The agenda has been implemented through a series of action plans covering specific periods. These include eLAC2007 (2005–2007), which set out 30 goals and 70 activities; eLAC2010 (2008–2010), with 83 goals; eLAC2015 (2010–2015), with 24 goals; eLAC2018 (2015–2018), with 23 goals; eLAC2020 (2018–2020), outlining 7 broad goals; eLAC2022 (2020–2022), structured around 9 goal areas; eLAC2024 (2022–2024), with 9 policy goals; and eLAC2026 (2024–2026), organized around thematic axes and goal areas.

==Political background==
The eLAC Regional Action Plan emerged from a series of international and regional policy discussions on the role of information and communication technologies (ICTs) in development.

In 2000, following deliberations within the Economic and Social Council of the United Nations (ECOSOC) on the role of information technology in a global knowledge-based economy, countries in Latin America and the Caribbean adopted the Florianópolis Declaration. This declaration emphasized the importance of ICTs for development and highlighted the need for public policy to address issues such as the digital divide.

Between 2001 and 2005, regional efforts were further shaped through participation in the World Summit on the Information Society (WSIS) and related preparatory meetings. During this period, initiatives such as the Bávaro Declaration (2003) and the Quito Plan of Action (2002) contributed to the development of a regional perspective on ICT policy, including areas such as internet governance and digital inclusion.

Building on the existing political consensus in the region, the governments of the countries comprising it put forward proposals at the meetings of the Preparatory Committee for the second phase of the Preparatory Committee for the second phase of the World Summit on the Information Society for the development of an Action Plan for Latin America and the Caribbean for the 2005–2007 period (eLAC2007), intending that this should be the first step along the road to 2015.

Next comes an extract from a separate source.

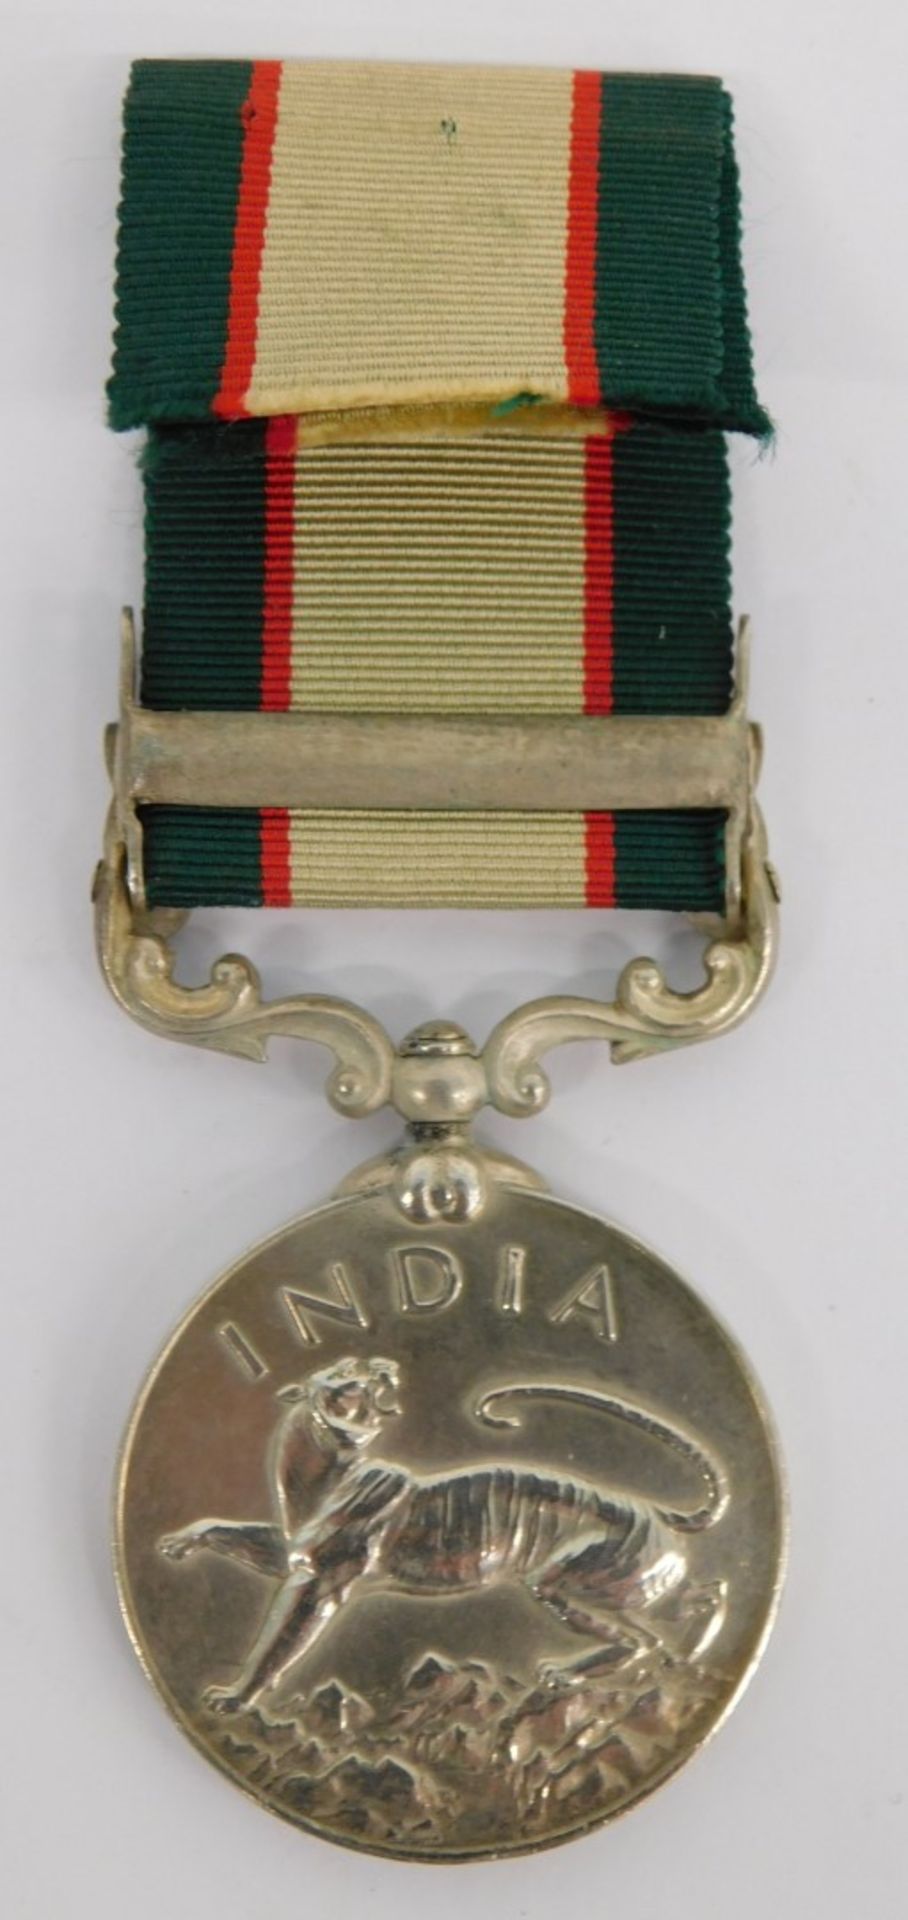 A George VI India medal, marked 14008 SEPOY MAKHMAD NUP 2-14 PUNJAB R, the ribbon with North West Fr - Image 2 of 2

The second step was forged with the approval of the second Regional Action Plan (eLAC2010), which is embodied in the San Salvador Commitment, approved during the II Ministerial Conference on the Information Society, held in El Salvador, 6–8 February 2008.

In May 2018, the most recent Digital Agenda for Latin America and the Caribbean has been approved in Cartagena, Colombia eLAC2020 is clearly aligned with the Sustainable Development Goals of the United Nations, and therefore expands its role in translating global ambitions into regional (which it had previous done for the Millennium Development Goals).

==Impact evaluation and monitoring==
A characteristic feature of the eLAC Action Plans is their use of ongoing monitoring mechanisms based on statistical indicators. These have been used to track progress and assess policy implementation over time. The United Nations Economic Commission for Latin America and the Caribbean (ECLAC), acting as the technical secretariat, has produced a series of monitoring reports supported by data, including Benchmarking WSIS in LAC (2005), Situating eLAC2007 (2005), Monitoring eLAC2007 (2007), Monitoring eLAC2010 (2010), Monitoring eLAC2015 (2013), and Monitoring eLAC2018 (2018).

The initial eLAC2007 Action Plan introduced structural elements that distinguished it from comparable initiatives. Its goals were defined either as quantifiable targets or as action-oriented measures with specified steps, facilitating evaluation. In addition, the plan functioned as a coordination framework for public and private sector activities, rather than as a mechanism for implementing projects directly. Regional initiatives such as RedGeALC, RedCLARA, and OSILAC were associated with specific goals within this framework.